- INPUT DATA:
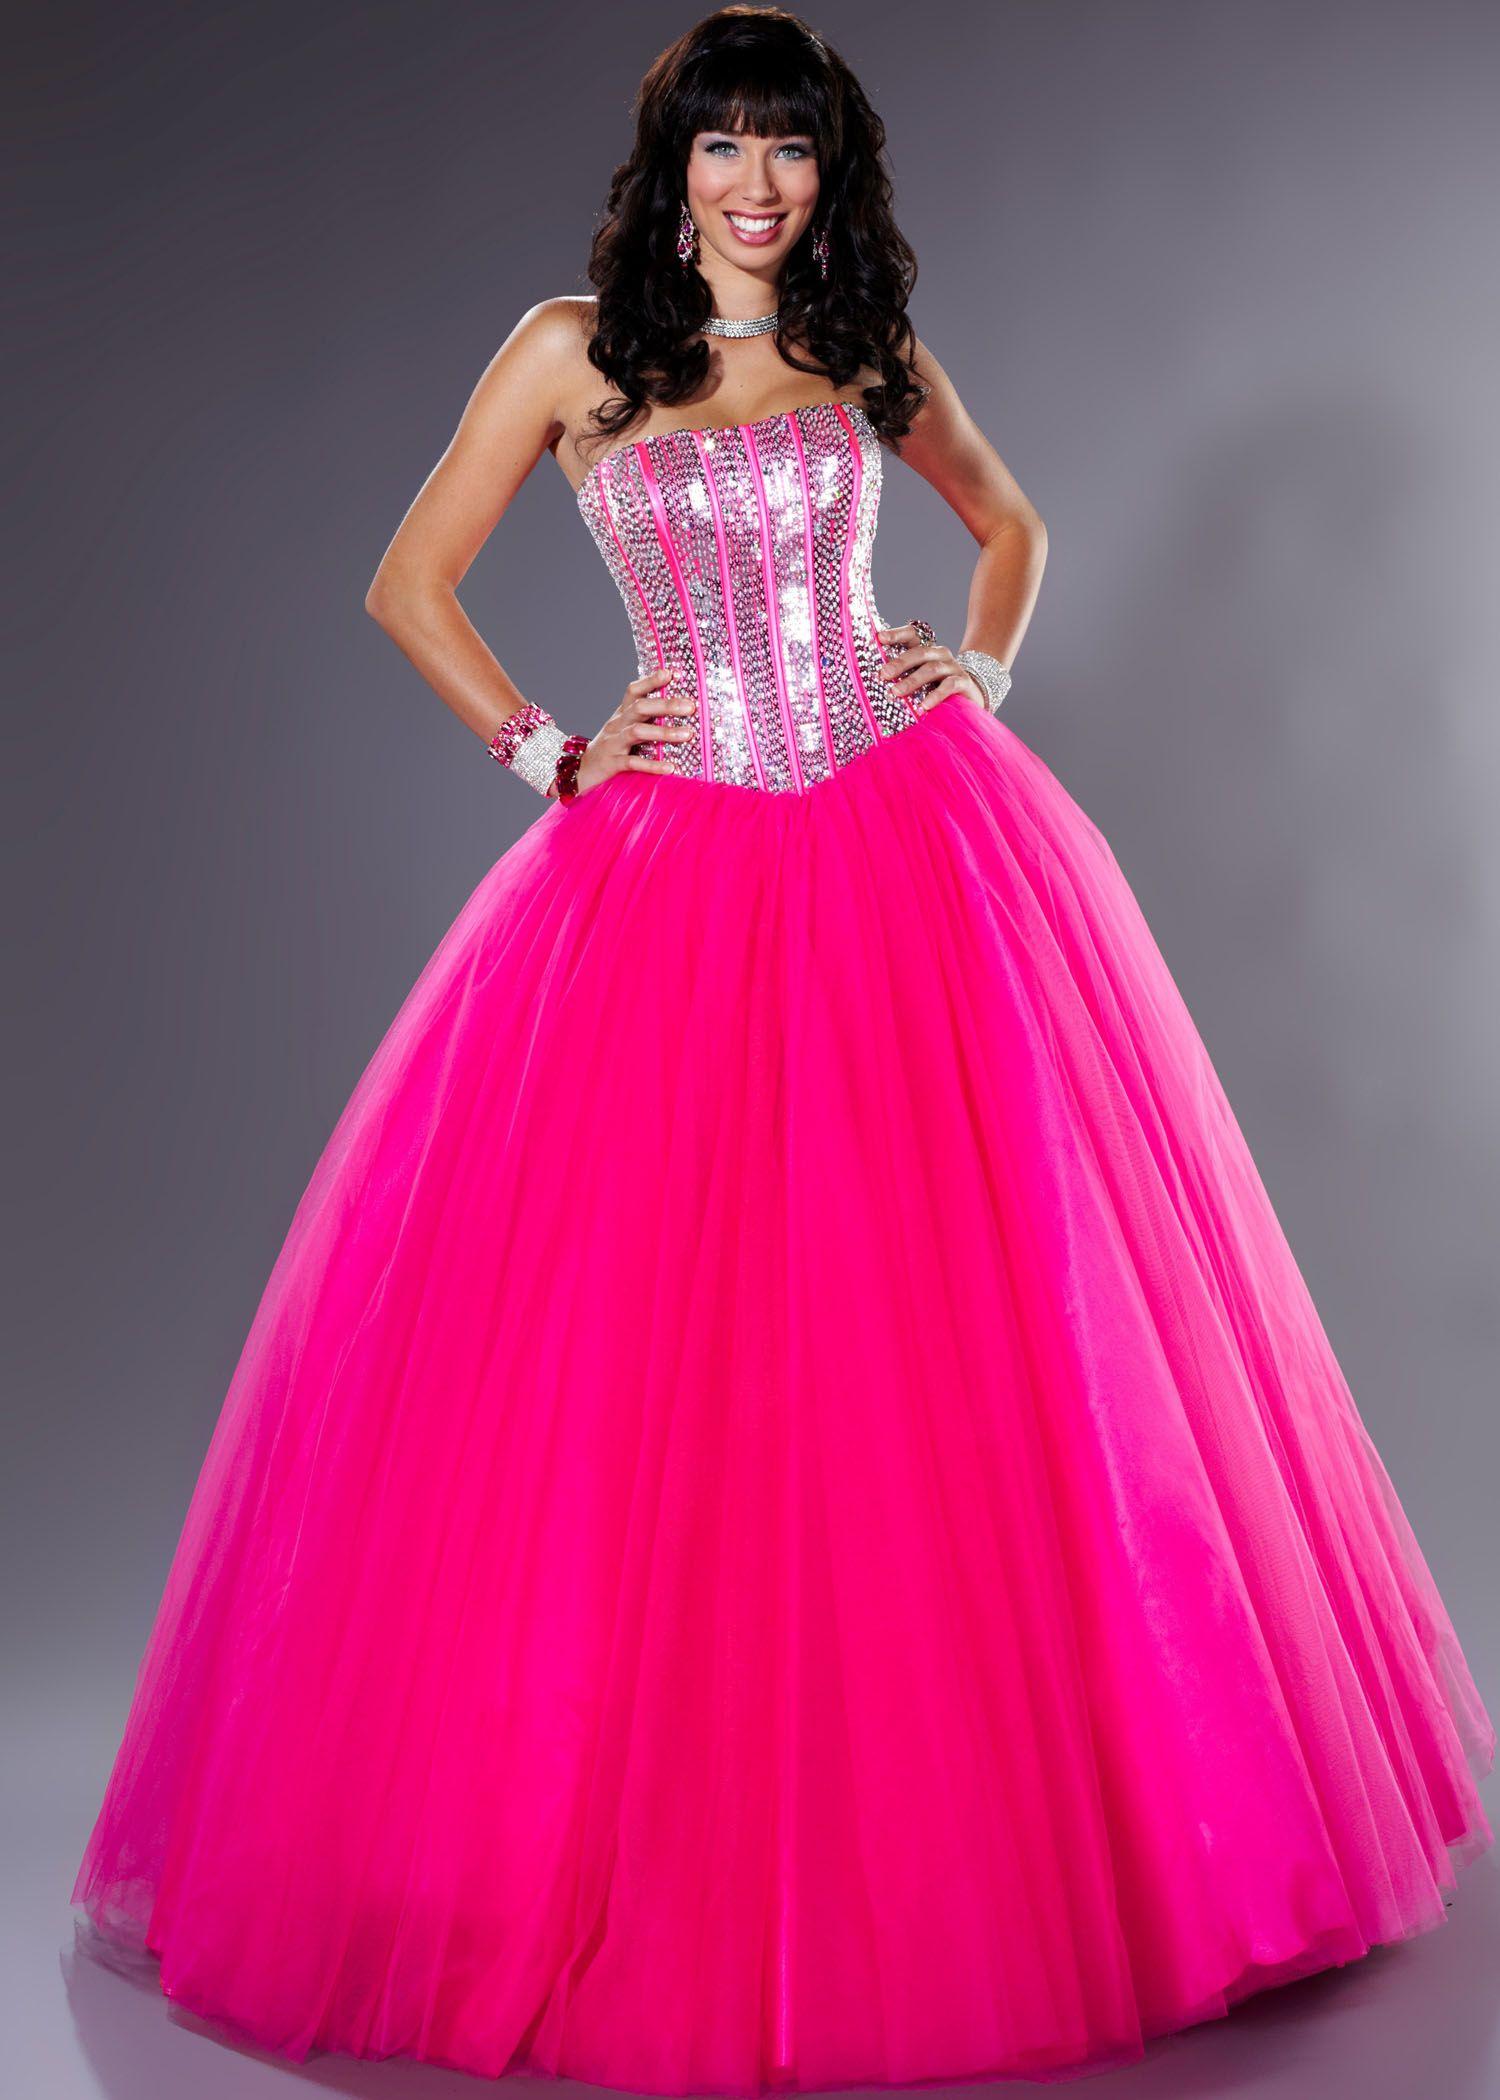 Lujo Vestidos De Fiesta En Gainesville Fl Ideas Ornamento ...
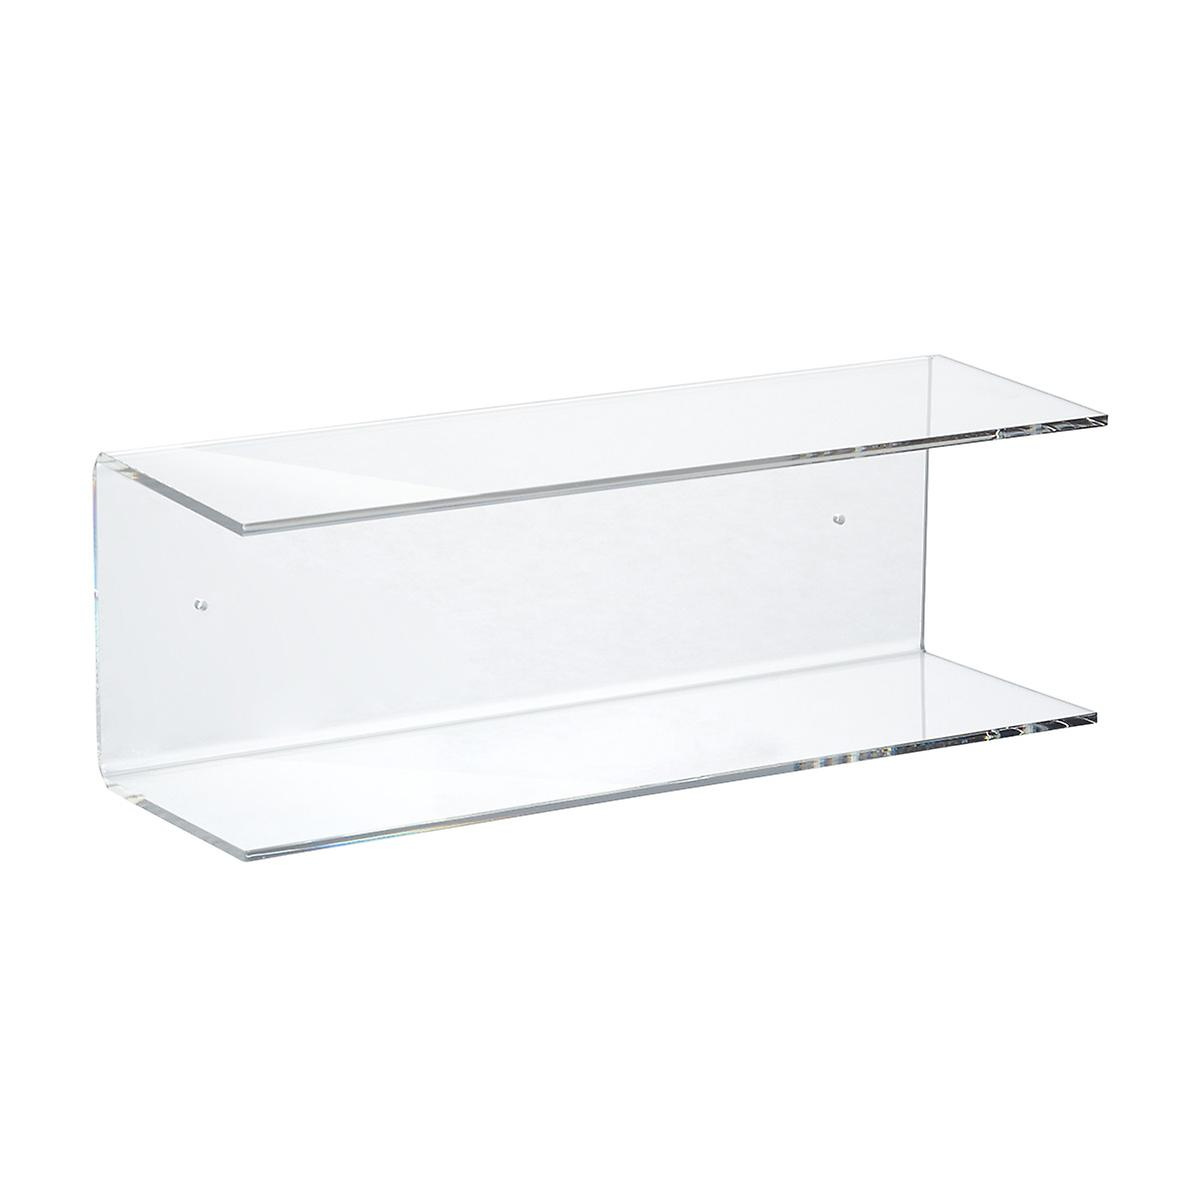 Double Acrylic Wall Shelf The
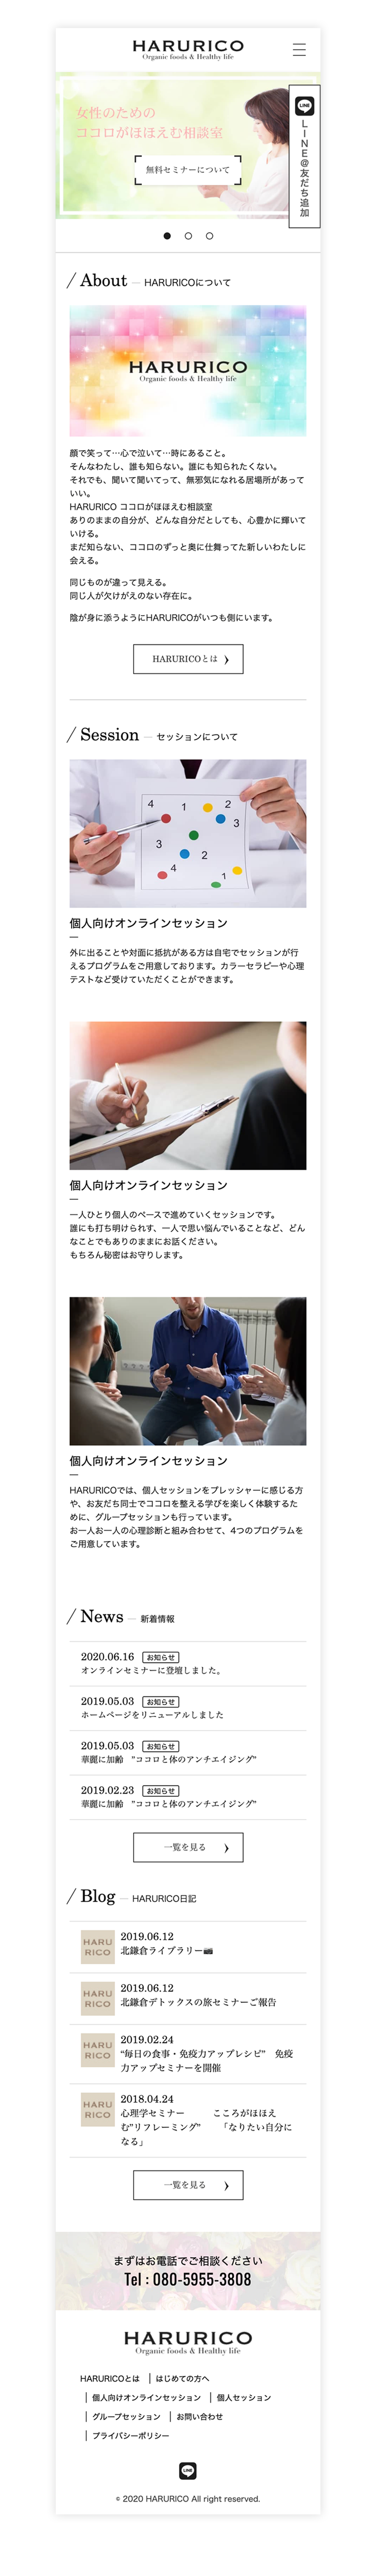 HARURICO サービス紹介サイト

- WHAT NEEDS TO BE DONE:
Leaving out the pictures, reproduce the whole listing above exactly.

- TASK SOLUTION:
 Lujo Vestidos De Fiesta En Gainesville Fl Ideas Ornamento ...
 Double Acrylic Wall Shelf The
 HARURICO サービス紹介サイト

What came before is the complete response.